My mouse has been hovering over your name for the past 2 hours, or more.
I want to talk to you. Do you want to talk to me?
I want to tell you how I miss you. How I wish I had done things differently. How every time I see you, I wish you would see me. But you don’t. I’m invisible.
She fucked things up for me, and for us. She really did. Her timing was the worst, it gave me just long enough to fall for you before you fell away from me. She stepped in and ruined everything. I cry about that, almost every night. I know you don’t know, but I do. When I get a tiny, half-second hug, it warms me enough to keep the tears away, at least for that night. But they always come back. And I can’t stop myself from thinking about everything we could have been, how happy we would both be right now if it wasn’t for her. And yes, I say both, because no matter what you say, I can see that you’re not as happy now. That hurts me, too. And sometimes, it makes me hate her. I wish I could tell you this.
But really, I want to say sorry. Sorry for not noticing sooner, because I was too blinded by him.

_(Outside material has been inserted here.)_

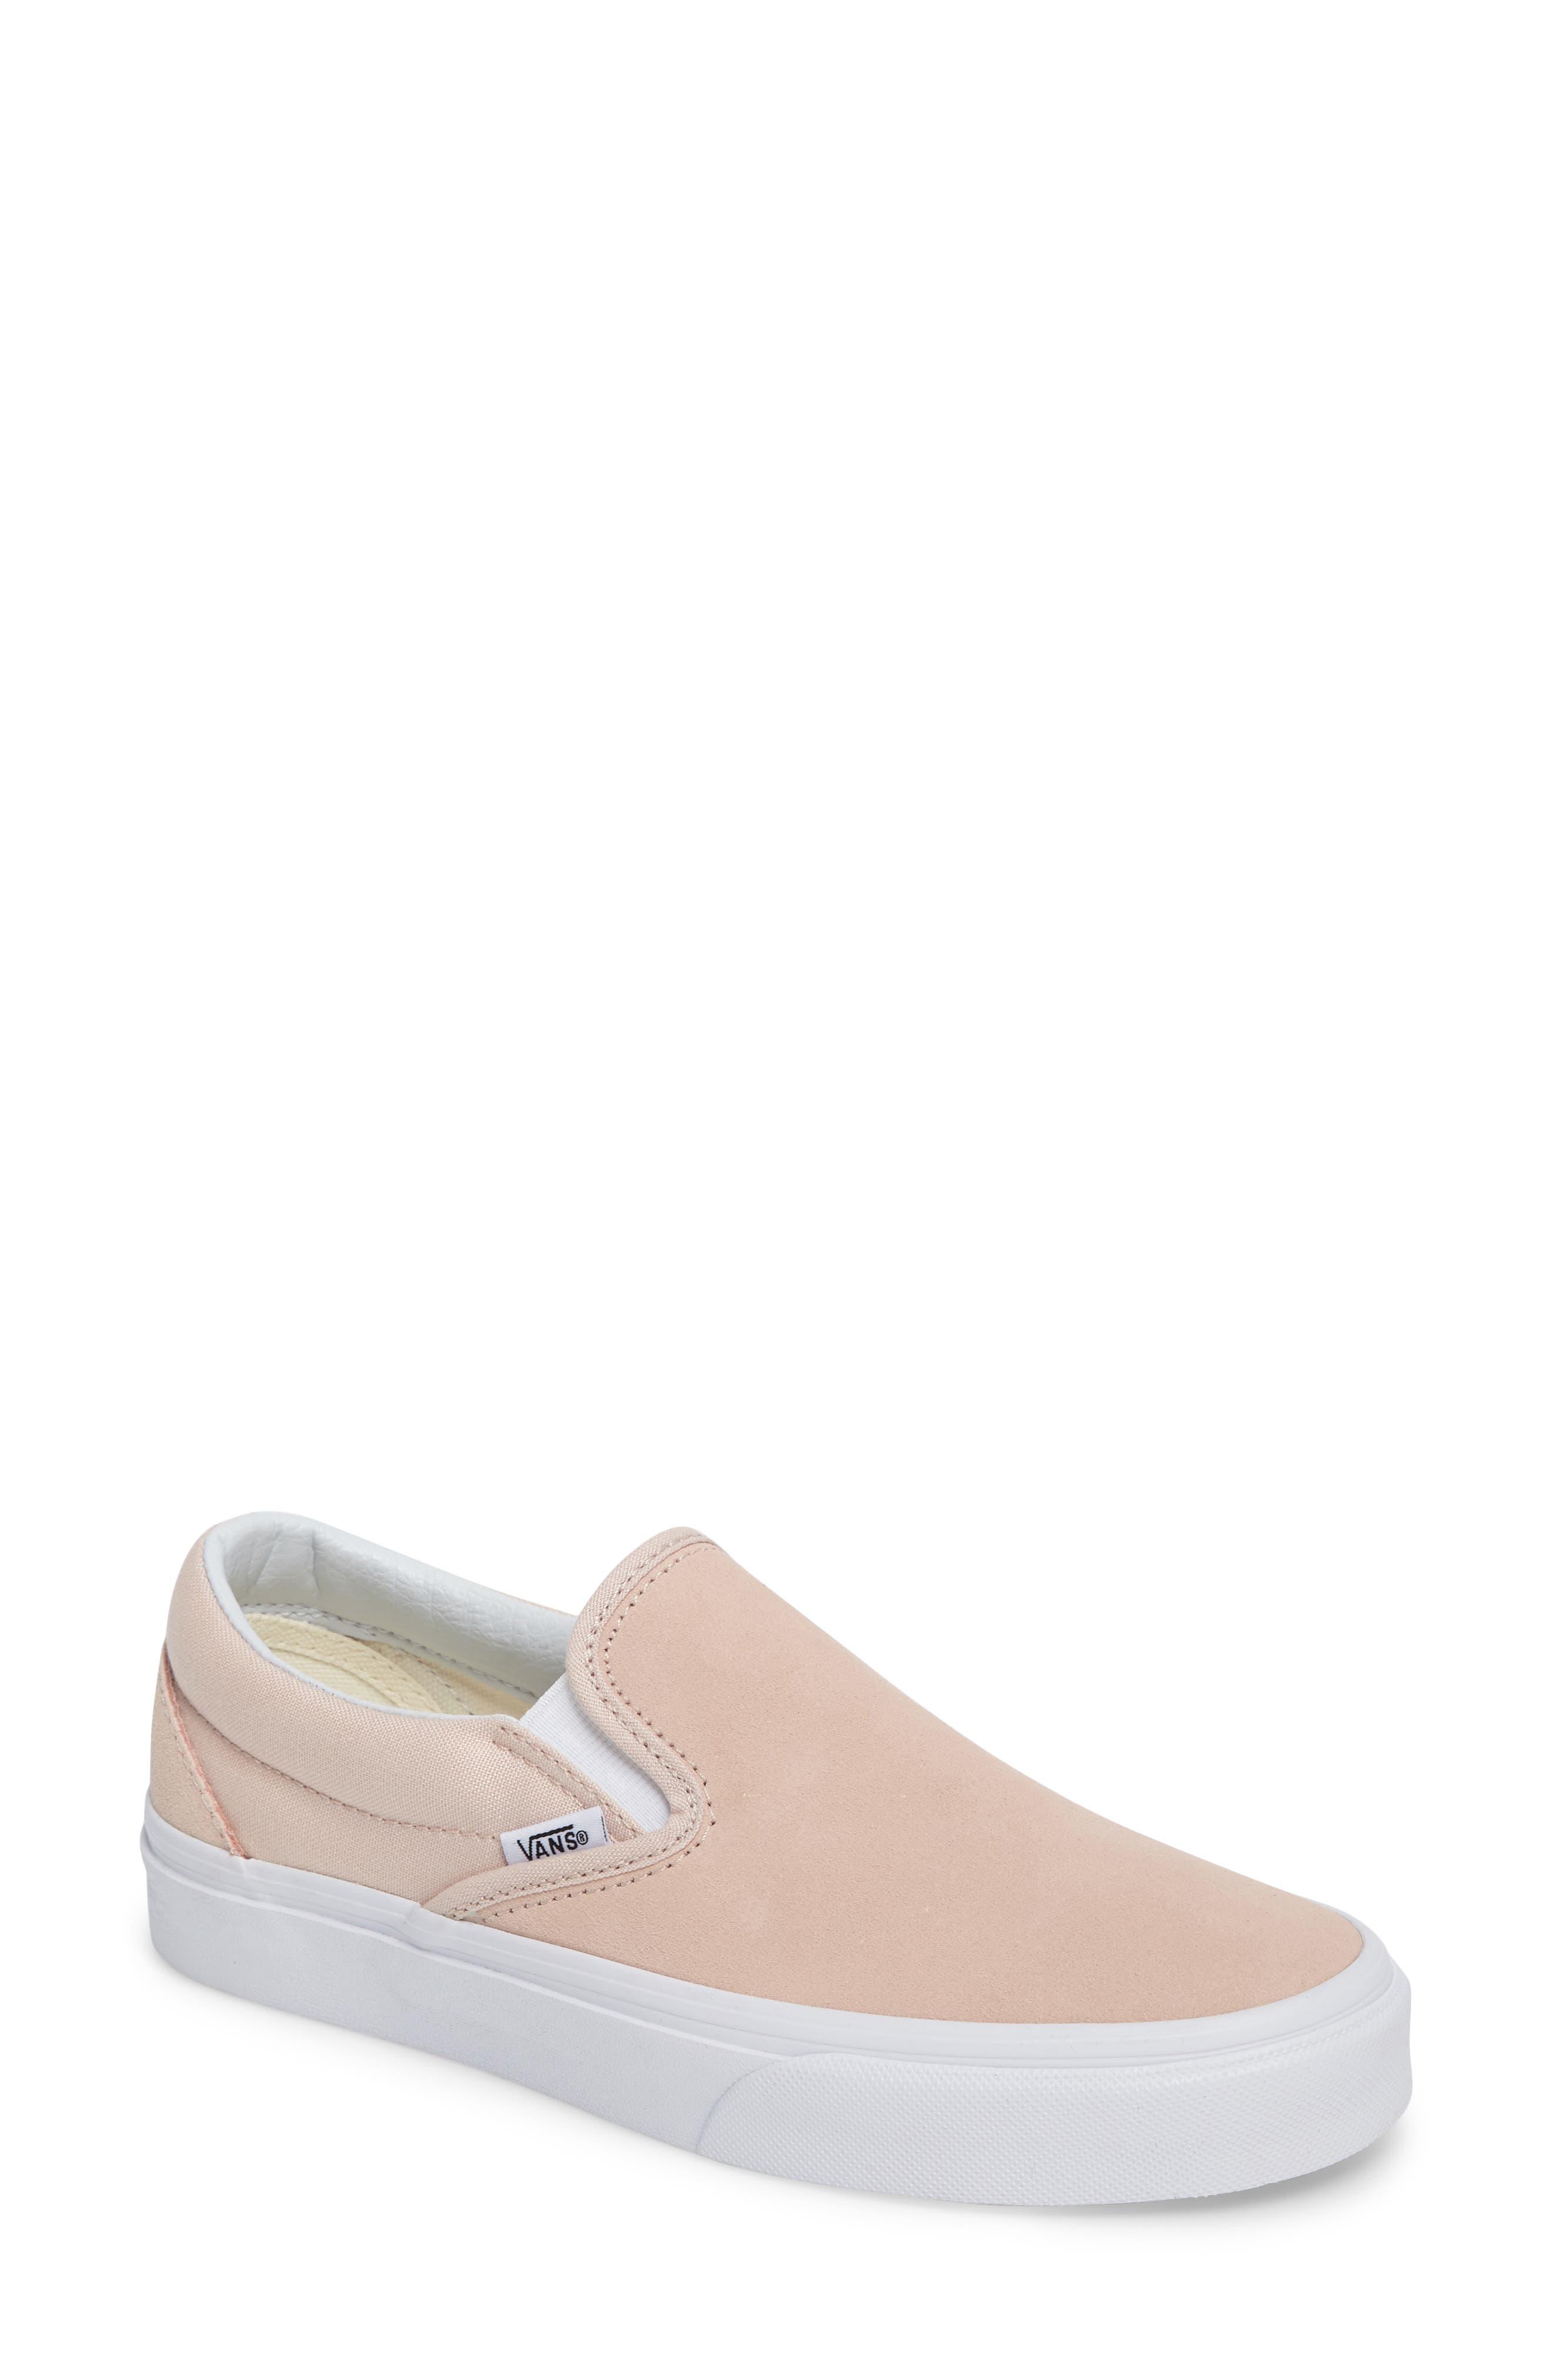 ,                             Classic Slip-On Sneaker,                             Main thumbnail 418, color,                             657

Sorry for ignoring you, when all I really wanted was for you to make me laugh. I was stupid. Sorry, for doubting you, for being afraid… I never should have been. I realize that now. Sorry for not saying what I really wanted, and sorry if it seemed like I was saying no. I meant everything that I said, and by the time I started to see, you had already started to give up. I’m so sorry for not being honest, because I liked you for ages. I just didn’t realize until too late. I’m sorry I thought you would wait, because I should have known better. I’m sorry I didn’t tell you, but I thought I had more time. And now, I’m sorry for making your situation more complicated. I’m sorry for telling you how I feel, because you had enough to deal with. I’m sorry for annoying you with my messages and for feeling like this, but I can’t help it. I’m so, so sorry. But most of all, I’m sorry for hoping you’ll change your mind, for thinking that you might like me back eventually, when you’re ready to move on. I’m sorry for not being able to get over you, but let me tell you a secret… I don’t want to. I’m sorry for that, too.
There is so much I want to tell you, but it would only make things between us worse. So if I see that little green dot next to your name, don’t be surprised if I talk to you. I just want your company, because I don’t want to cry again tonight.